The jury selected Simone Decker for the third edition of the prize, describing her as a major figure of the Luxembourg and international contemporary art scene. Active since the 1990s, her work is rooted in the visual arts, particularly installation and photography, and is characterised by strong conceptual foundations, visual poetry and interventions in public space. The jury also highlighted her academic career, including her teaching activities at the Academy of Fine Arts in Nuremberg between 2008 and 2015, where she led postgraduate programmes focusing on art and public space.
The jury further noted that Simone Decker is considered one of the first contemporary Luxembourg artists to have engaged extensively with public space as part of an international professional career, helping to establish it as a distinct artistic field.
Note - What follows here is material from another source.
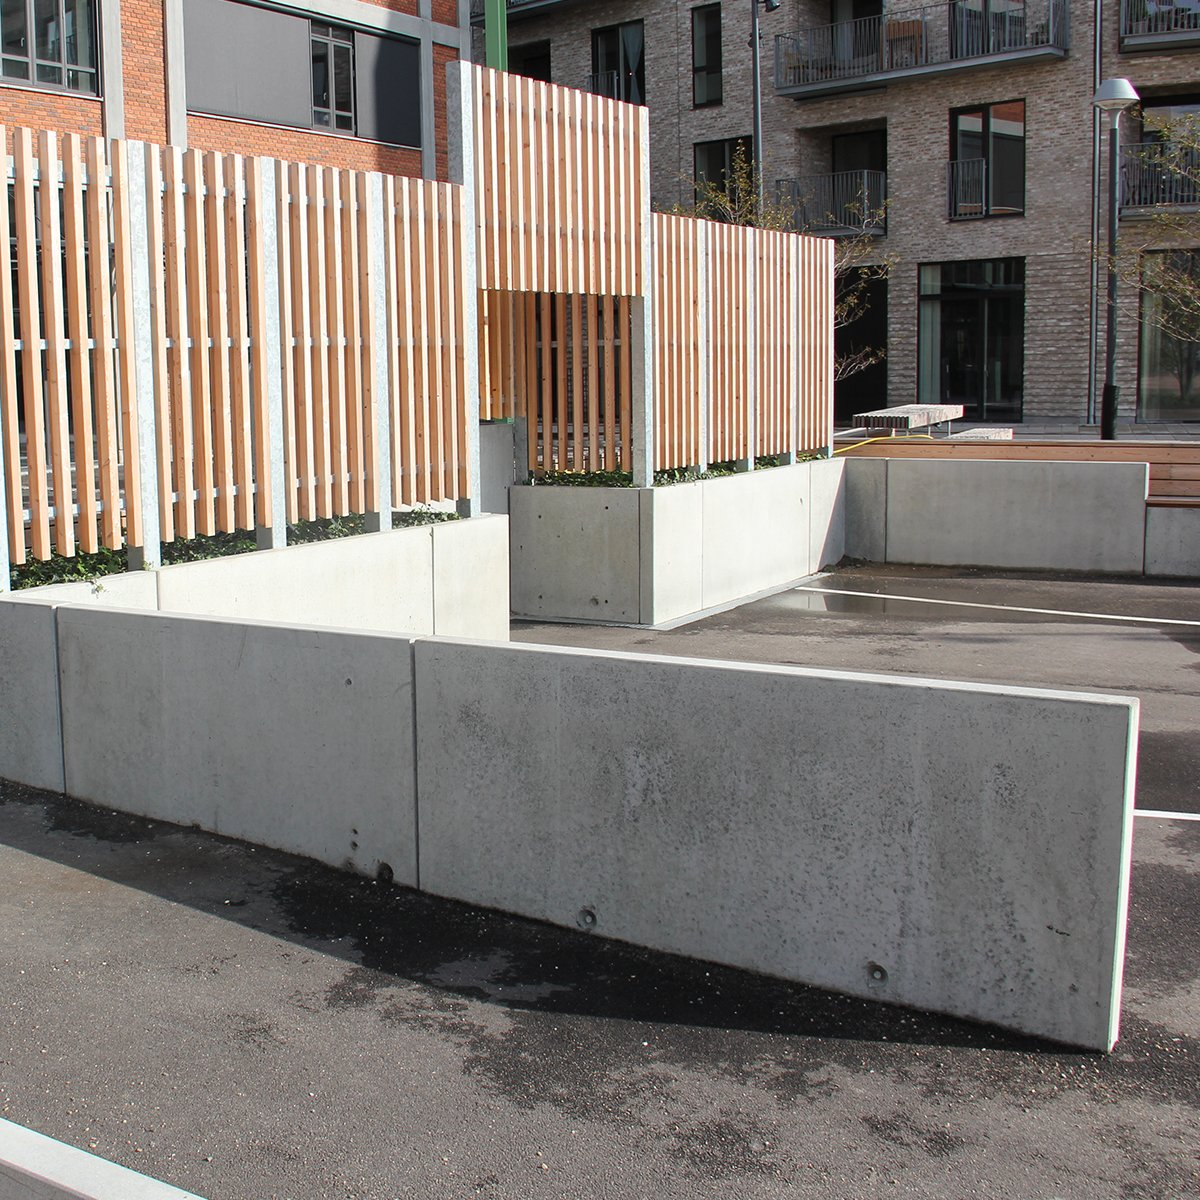 ParkLine Støttemur 40 - 30x200x10 cm Grå

Her installations, sculptures and photographs explore architecture, urban environments and institutional contexts, inviting viewers to rethink their relationship with space through plays on scale, materials and perception. Her work has been exhibited internationally, notably at the Venice Biennale in 1999 with the photographic project Chewing and Folding in Venice.
Endowed with €10,000, the biennial Lëtzebuerger Konschtpräis recognises an artist for their complete body of work, career and lasting commitment to the Luxembourg art scene. The prize was created in 2022 as part of the implementation of the Kulturentwécklungsplang 2018-2028 (Cultural Development Plan).
The award ceremony will take place in November 2026 at the MNAHA in Luxembourg City.